In a world-spanning joint venture, UK company Oxford Quantum Circuits (OQC) is working with US internet connectivity and datacentre specialist Equinix to make OQC’s quantum computing-as-a-service (QCaaS) commercially available to enterprises and organisations around the globe via Equinix’s TY11 Tokyo International Business Exchange (IBX) datacentre. 

The QCaaS will be made available through Equinix Fabric, an on-demand advanced software-defined Equinix interconnection solution that enables users directly, securely, and dynamically to connect to distributed infrastructure and digital ecosystems on the Equinix platform through a single port. 

As the central component of the joint venture, OQC will install a quantum computer in the TY11 datacentre in Tokyo, Japan. Equinox currently has 11 operational datacentres in Tokyo alone (plus 239 other datacentres in 27 other countries across five continents) and TY11 provides direct access to key internet exchange points, the stock exchange and financial services partners. 

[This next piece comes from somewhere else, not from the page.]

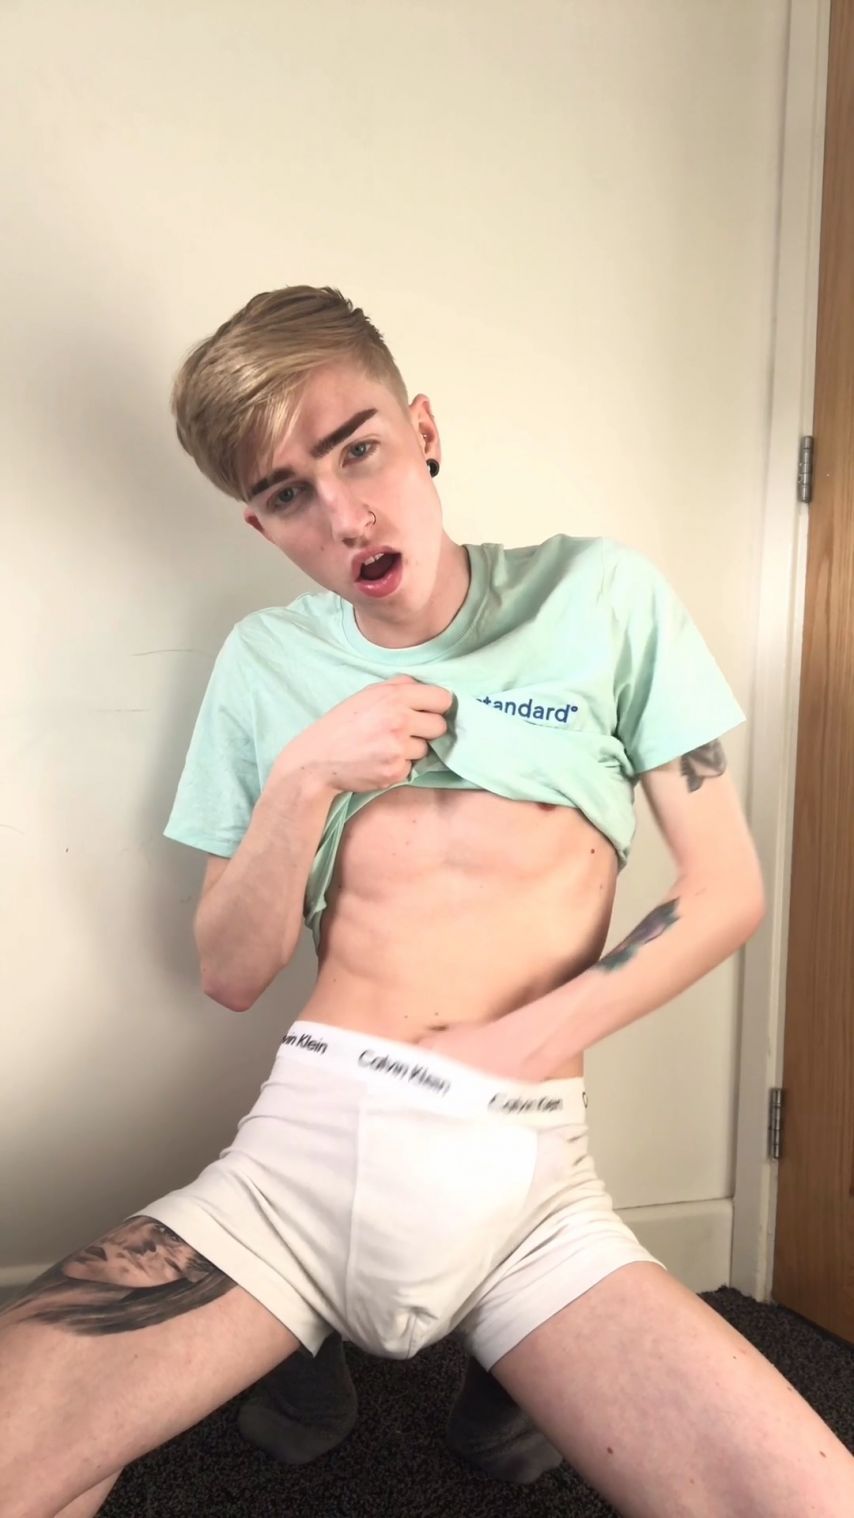 Pretty Boy Twink plays with his BIG Dick
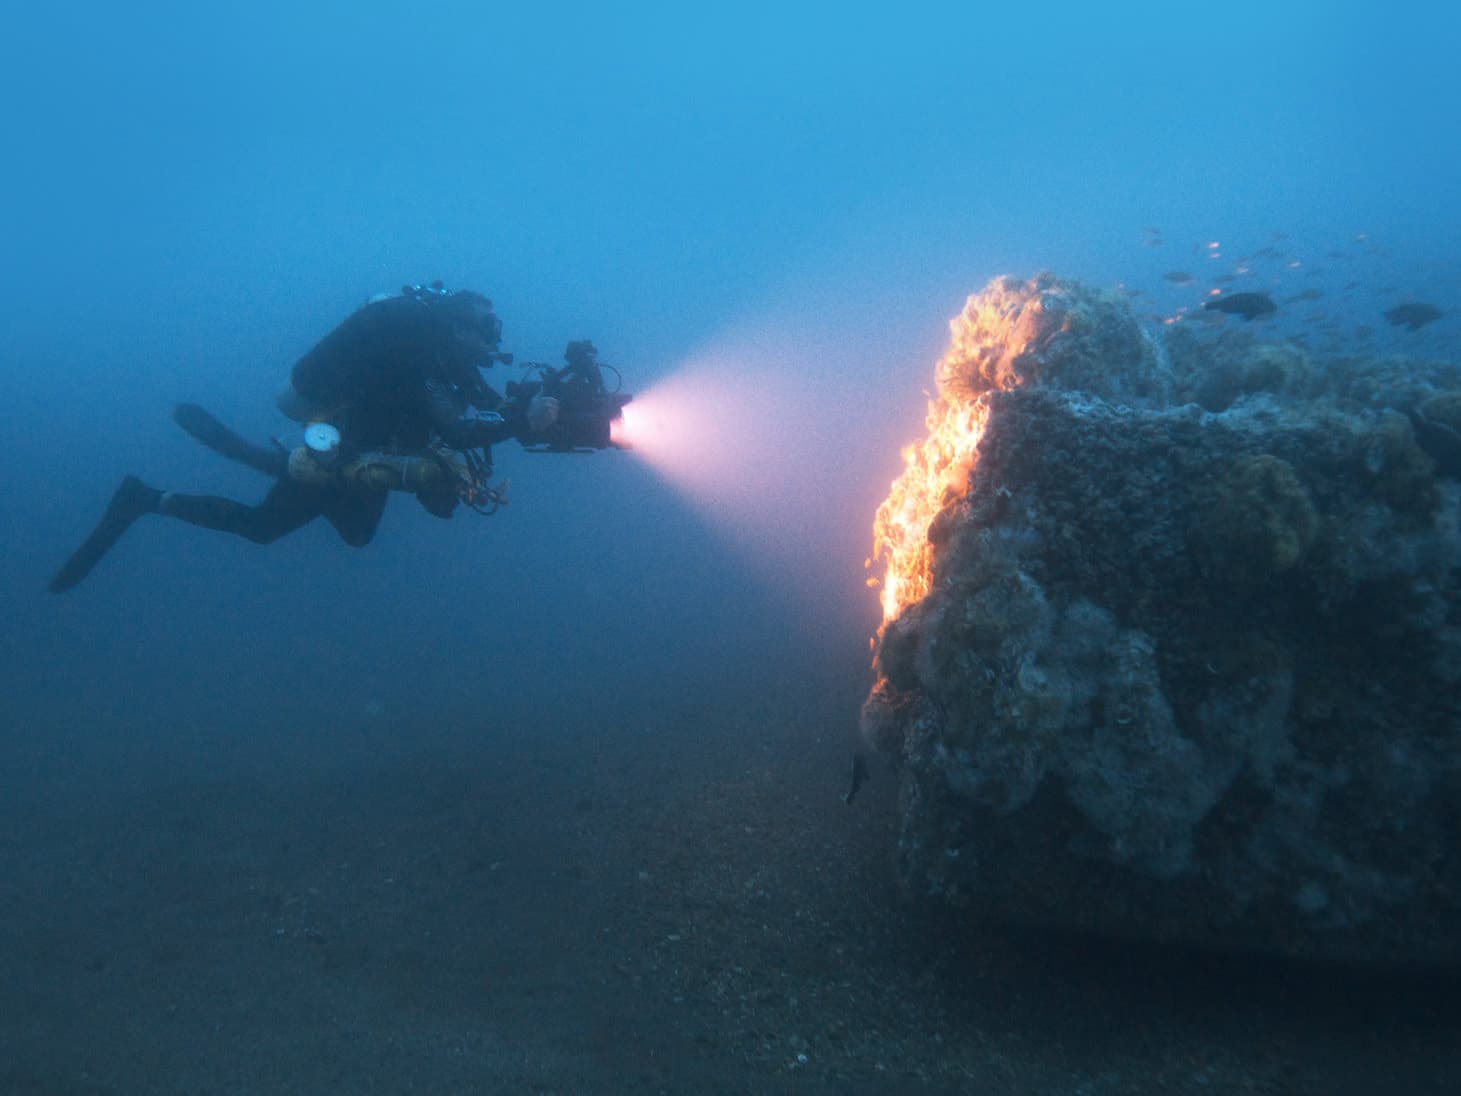 diver photographing the wreck of the uss monitor

The new initiative will permit companies from around the world to trial and experiment with quantum technology for themselves. Quantum computers are still far too costly for most companies, even the biggest, to be able to afford and build themselves and far too complex for them to manage once such a massively expensive asset is finally up and running. 

That’s why QCaaS is so attractive as a proposition for the enterprise market – companies such as OQC are of great strategic help in lowering the barrier to entry for commercial quantum use cases. 

Dr. Ilana Wisby, CEO of OQC, commented, “The world has been waiting for quantum computing to mature to the point that it can change our lives. Installing quantum computing in Equinix’s world-class TY11 datacentre brings us a step closer to this reality.” 

OQC was spun out of the world-famous Oxford University and specialises in the development of its own ‘Coaxmon’ 3D architecture superconducting circuits, designed to reduce error rates in quantum computers. 

Both companies expect the new facility to be in great demand from businesses and other organisations from a wide range of sectors and industries wanting to experiment with anything from the discovery and development of new drugs through to banking risk management and advanced manufacturing. For further insight, see this Equinix blog.

The move marks the latest step for OQC towards making its technology available via cloud platforms: Last year it housed an eight quantum processing unit (QPU) computer on Amazon Braket (a managed quantum computing service) and made it available to the London region, where it is accessible for three hours each day. 

Research house IDC recently forecast that, by 2026, 95% of companies will invest in new and improved computing technologies that deliver far faster results from highly complex data than is possible with a conventional computer. The OQC-Equinix partnership will help enterprises to differentiate themselves in their chosen fields. 

One of the biggest challenges businesses face when starting involvement with quantum computing is integrating it alongside existing equipment and systems. But with the new solution they will be able to access and exploit globally interconnected digital infrastructure more or less as and when they want, at comparatively low cost and this will help reduce the current high barriers to experimentation with an astonishing new technology that has potential to change the world.